To understand why an unclocked component of any kind is discouraged in sequential digital design you need to understand why a clock exists in the first place.
The clock keeps things in synch and makes it easier to design for. With no clock you have to rely on the delay between components matching up with each other so signals arrive at their next destinations neither too early nor too late (i.e. at exactly the right time). With thousands of branches and paths that are always changing, this is really difficult for very large circuits.
With a clock, everything just needs to arrive at its destination faster than the clock.
Since a transparent latch is not clocked, it is a bit of a renegade when using it amongst clocked components since it can allow signals to change when the clocked components are not expecting it. You can get away with it sometimes at the input or output of a system where things are more predictable, but in the middle of a system is often no good. It's about manageability of the timing. If part of the system is simple enough so you know what is going to happen, you can get away with it.
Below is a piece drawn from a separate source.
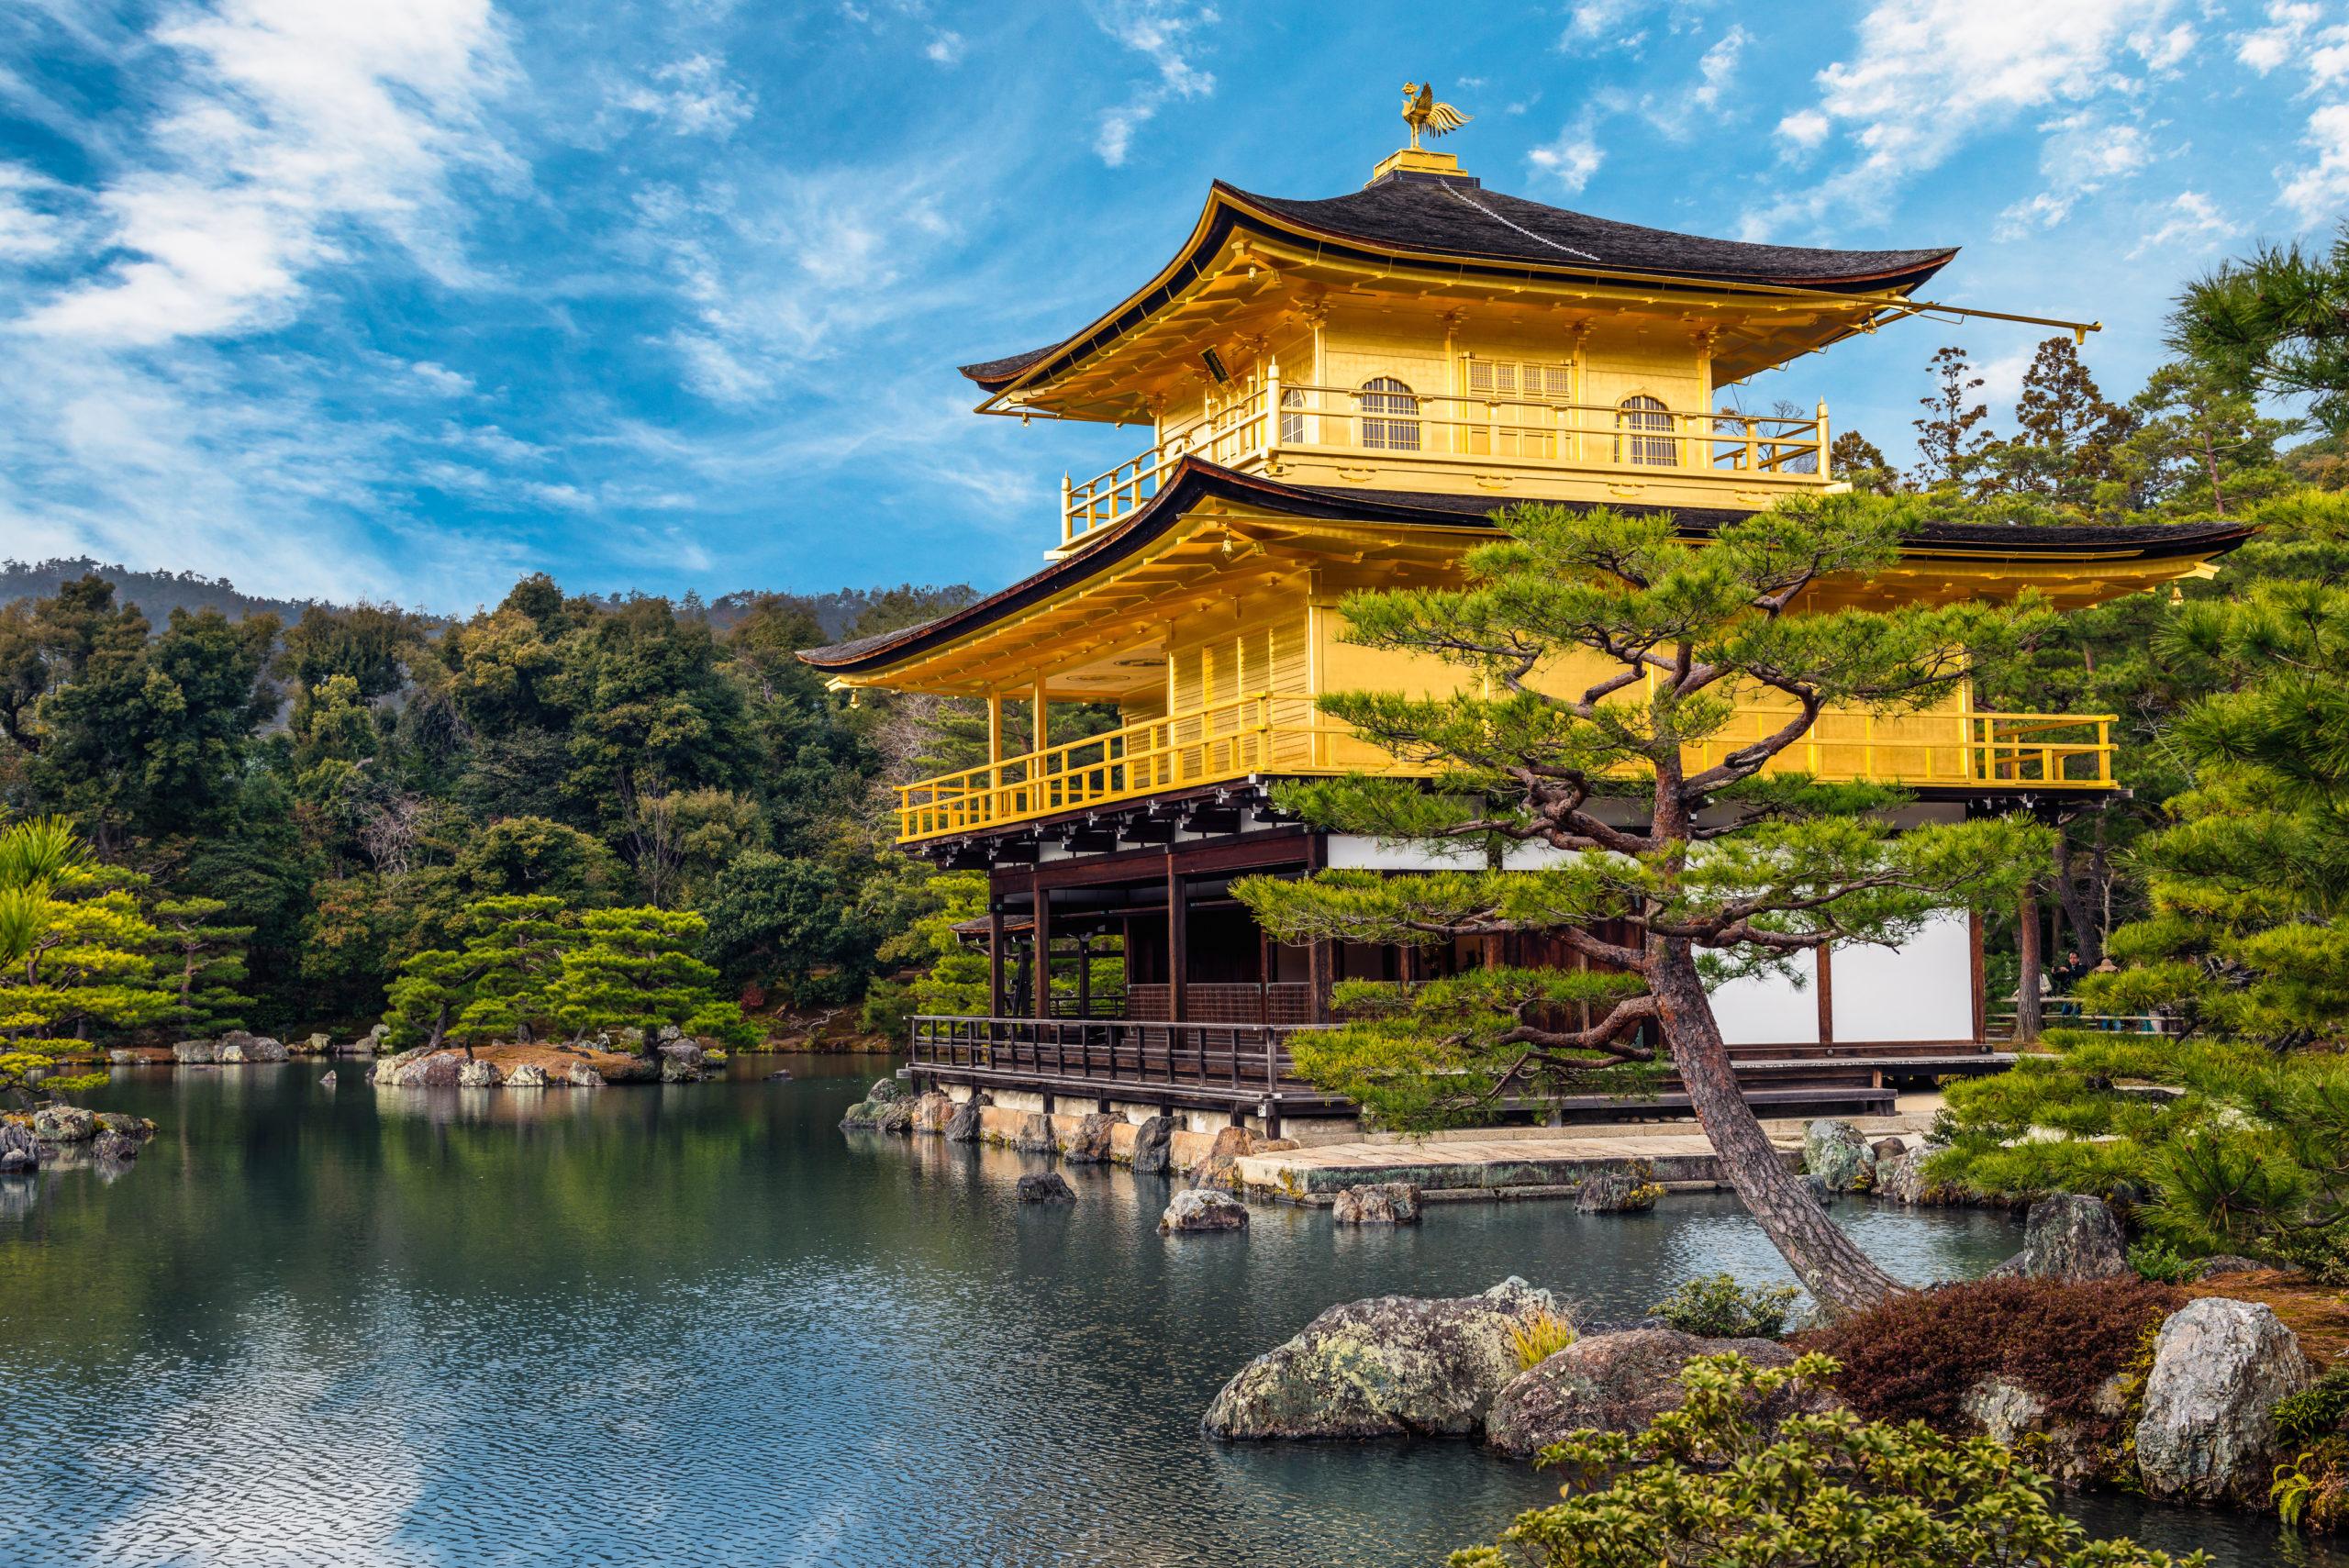 shutterstock_284085140_golden-pavilion-kinkaku-ji-of-kyoto-japan

In FPGAs, specifically, transparent latches are discouraged because their timing is uncontrolled and FPGA architecture does not support them well so it produces unpredictable results.
Latches are a form of memory, be definition, and combinatorial circuits do not have memory by definition. But you can have simpler, unclocked, sequential circuits where the timing is more manageable. That's where transparent latches can be useful.
They are also useful to shield noise between circuits like ADCs, but that isn't digital logic design.